Problem to work on:
The response should repeat word for word every line below from the one with "This sofa by" to the one with "Massage Therapy Benefits", inclusive, and nothing else; leave pictures out.

[Opening Information provided section]

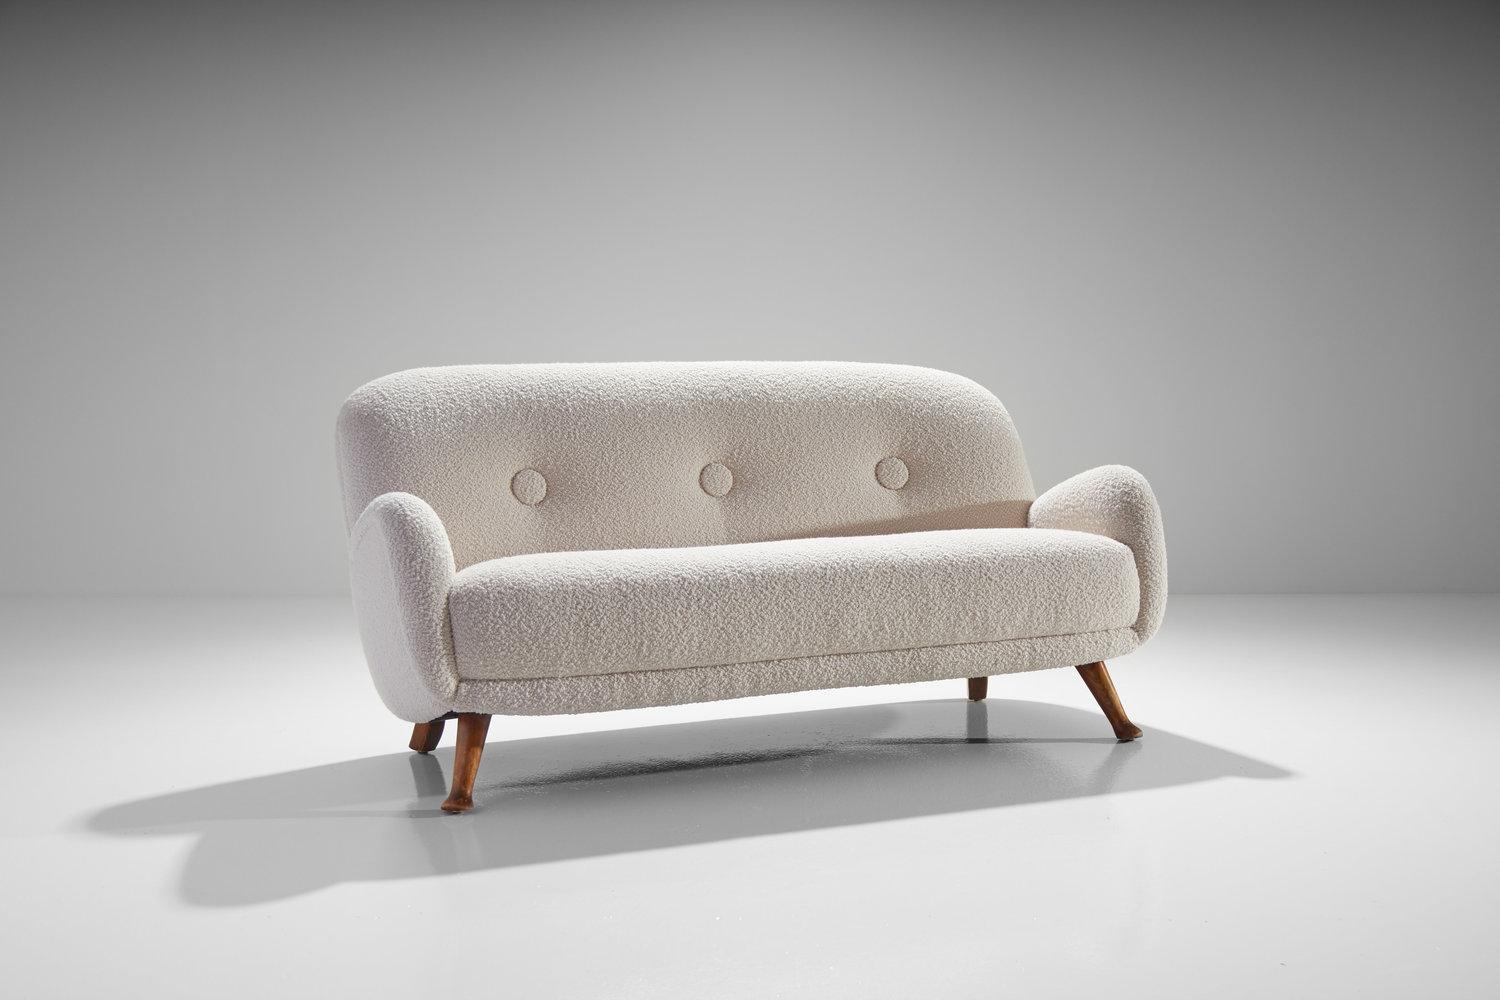 Sofa by Berga Möbler, Sweden from the 1940s.

This sofa by Berga Möbler with it’s soft organic forms is playful and sophisticated at the same time. The sofa is slightly tilted backward by the tapered front legs that are distinctly bend outwards.
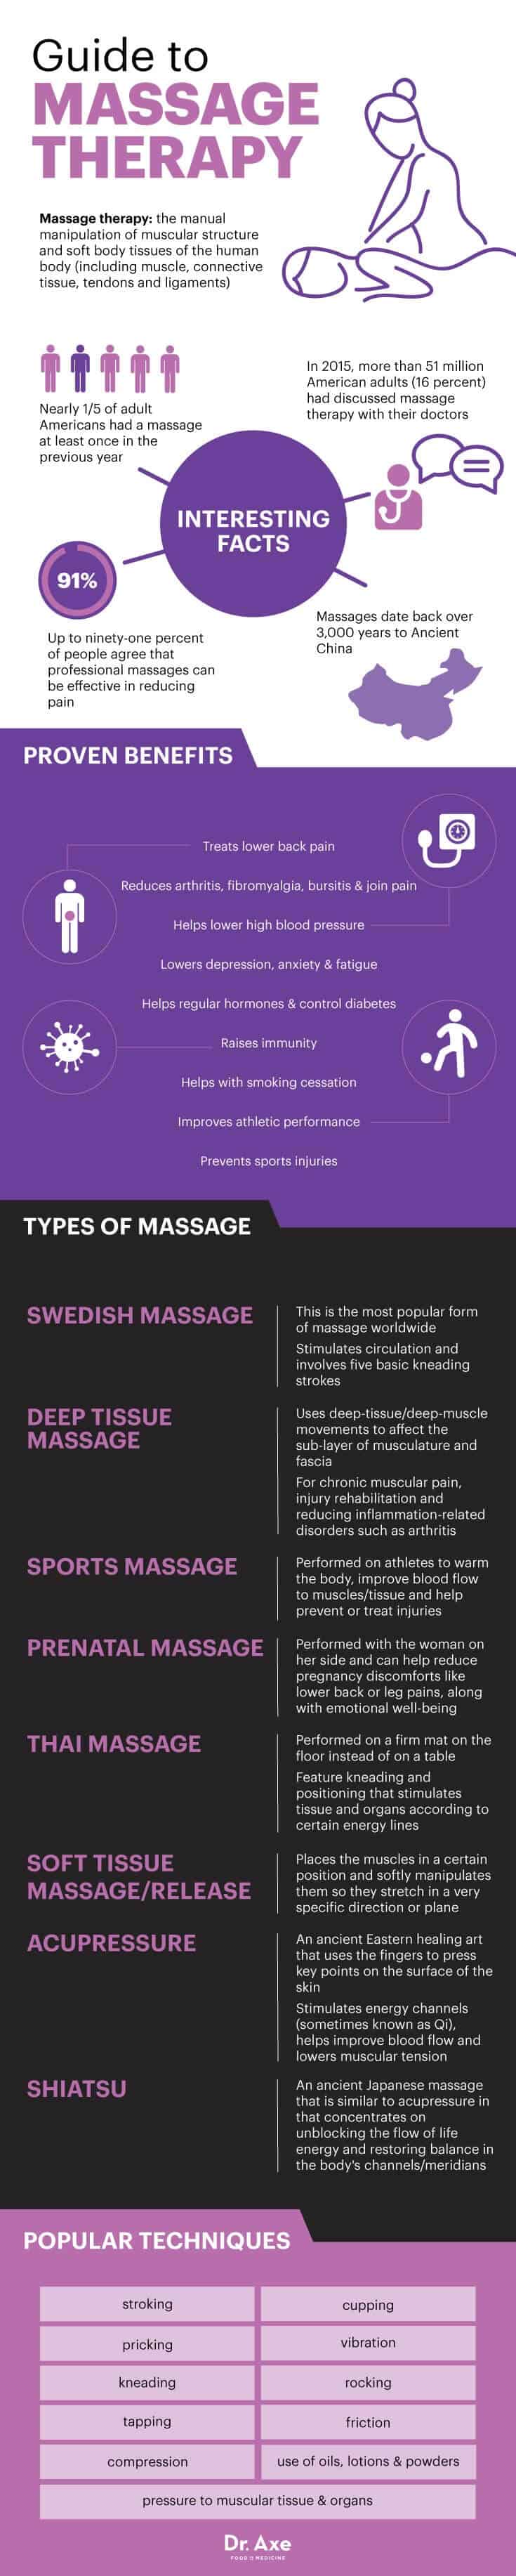 Massage Therapy Benefits Types And Techniques That Work Dr Axe
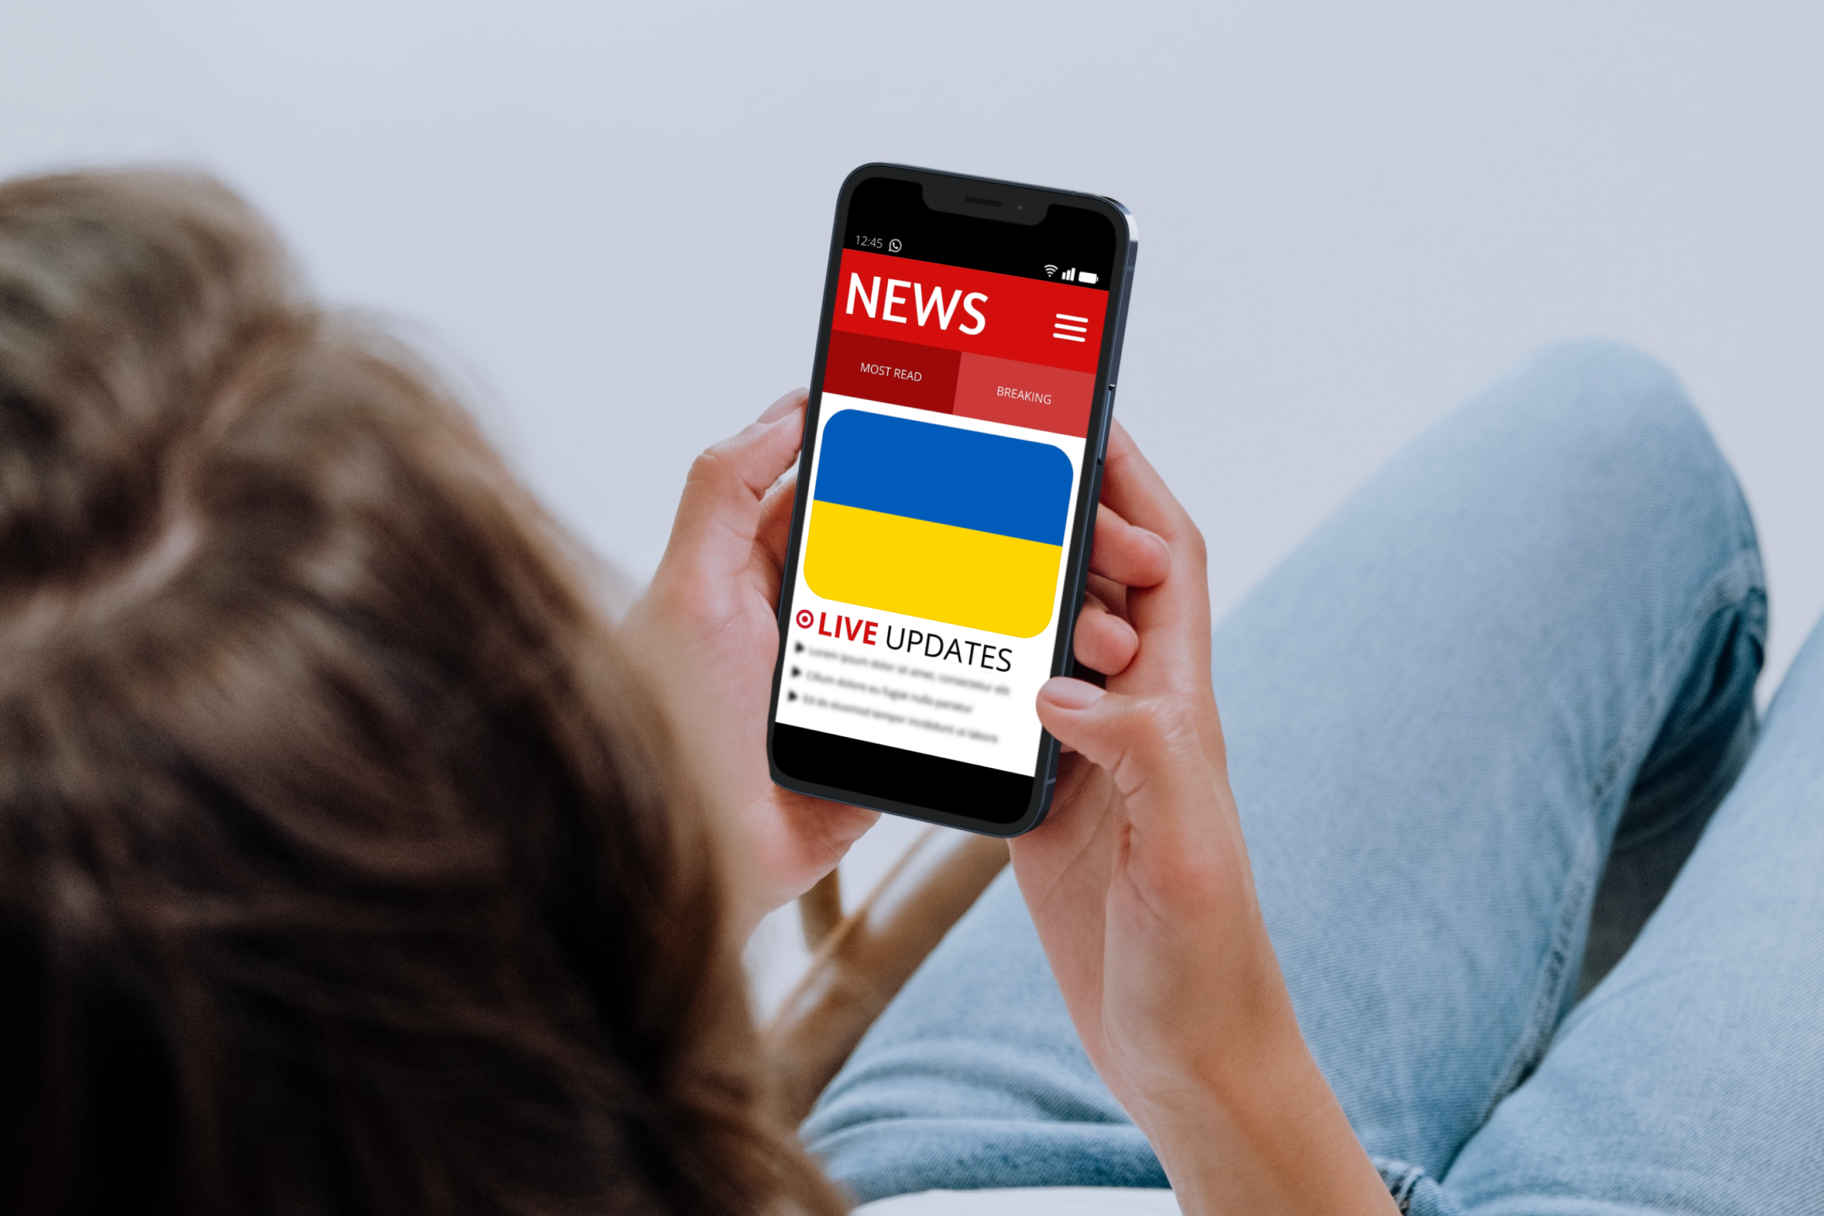 Image shows a young woman (18-30) holding a mobile phone. On the phone screen is a news app - showing live updates of the Russian Invasion of Ukraine. Overconsumption of news during crises can be negative to our wellbeing.

[Closing Information provided section]

Exercise solution:
This sofa by Berga Möbler with it’s soft organic forms is playful and sophisticated at the same time. The sofa is slightly tilted backward by the tapered front legs that are distinctly bend outwards.
 Massage Therapy Benefits Types And Techniques That Work Dr Axe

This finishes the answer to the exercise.